CHEK1 Antibody

What is CHEK1 and what cellular functions does it regulate?

CHEK1 is a serine/threonine-protein kinase required for checkpoint-mediated cell cycle arrest and DNA repair activation in response to DNA damage or unreplicated DNA. It may also negatively regulate cell cycle progression during unperturbed cell cycles. CHEK1 preserves genomic integrity through multiple mechanisms including recognition of the substrate consensus sequence [R-X-X-S/T] and phosphorylation of key cell cycle regulators like CDC25A, CDC25B, and CDC25C. These modifications create binding sites for 14-3-3 proteins, promoting proteolysis of CDC25A and leading to cell cycle arrest .

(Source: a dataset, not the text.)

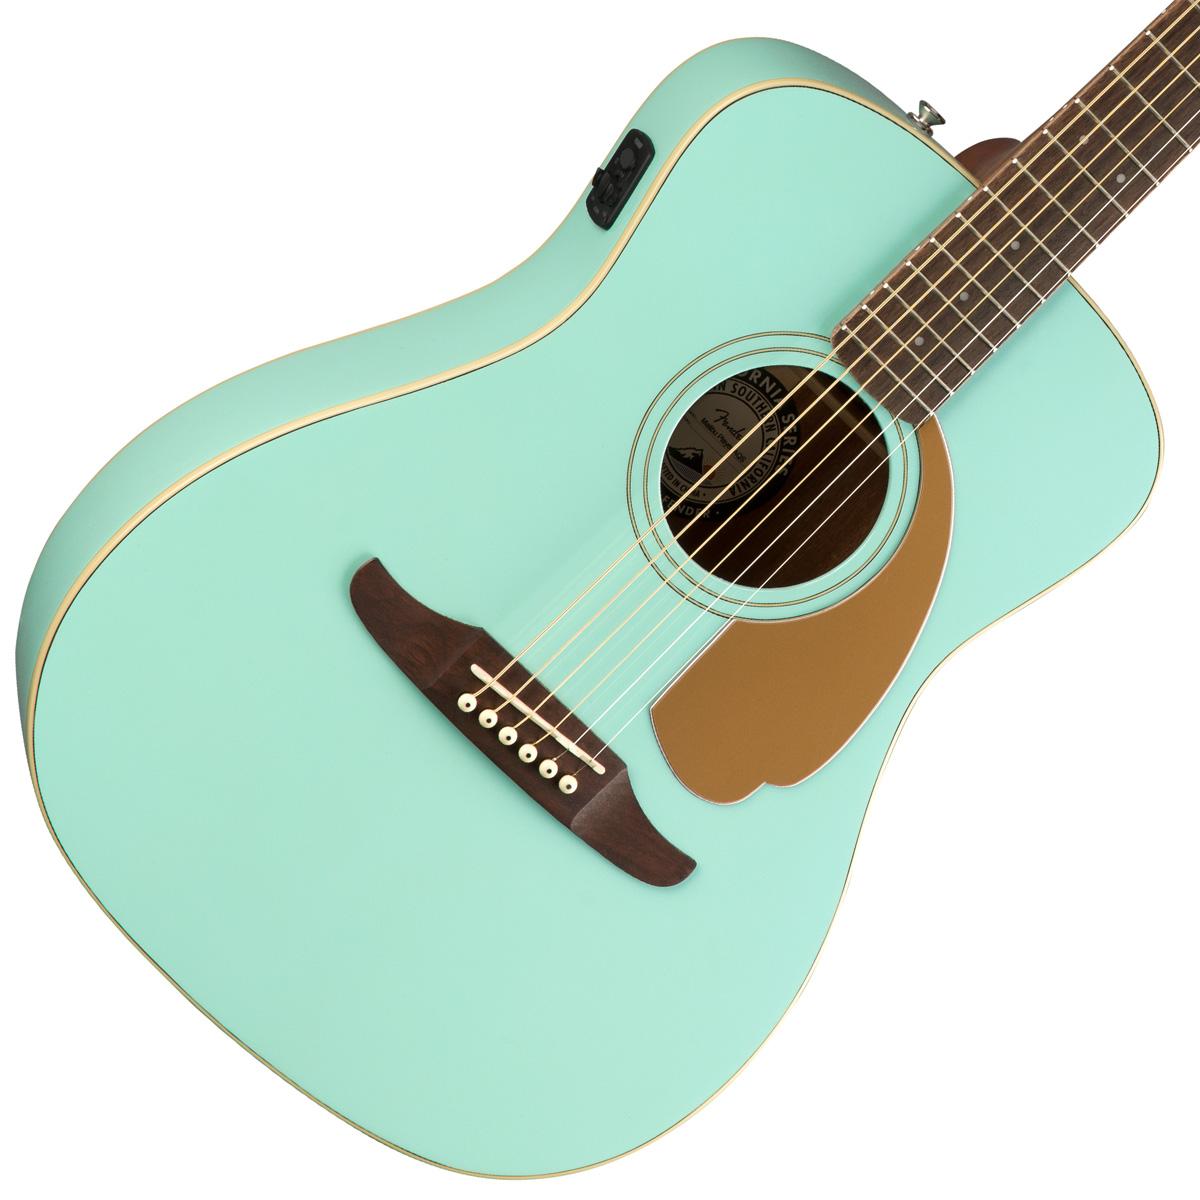 【タイムセール:29日12時まで】FENDER / MALIBU PLAYER AQUA SPLASH (AQS)【CALIFORNIA SERIES】アコースティックギター【YRK】【新品特価】

What are the common applications for CHEK1 antibodies in research?

CHEK1 antibodies are primarily used in Western Blot (WB), Immunohistochemistry (IHC), Immunofluorescence (IF), and ELISA applications. They have demonstrated reactivity with human, mouse, and rat samples, making them versatile tools for cross-species research . Western blotting is particularly useful for detecting CHEK1 in cell lysates, with documented successful detection in various cell lines including U2OS human osteosarcoma cells, MCF-7 human breast cancer cells, CEM human T-lymphoblastoid cells, Balb/3T3 mouse embryonic fibroblast cells, and NRK rat normal kidney cells .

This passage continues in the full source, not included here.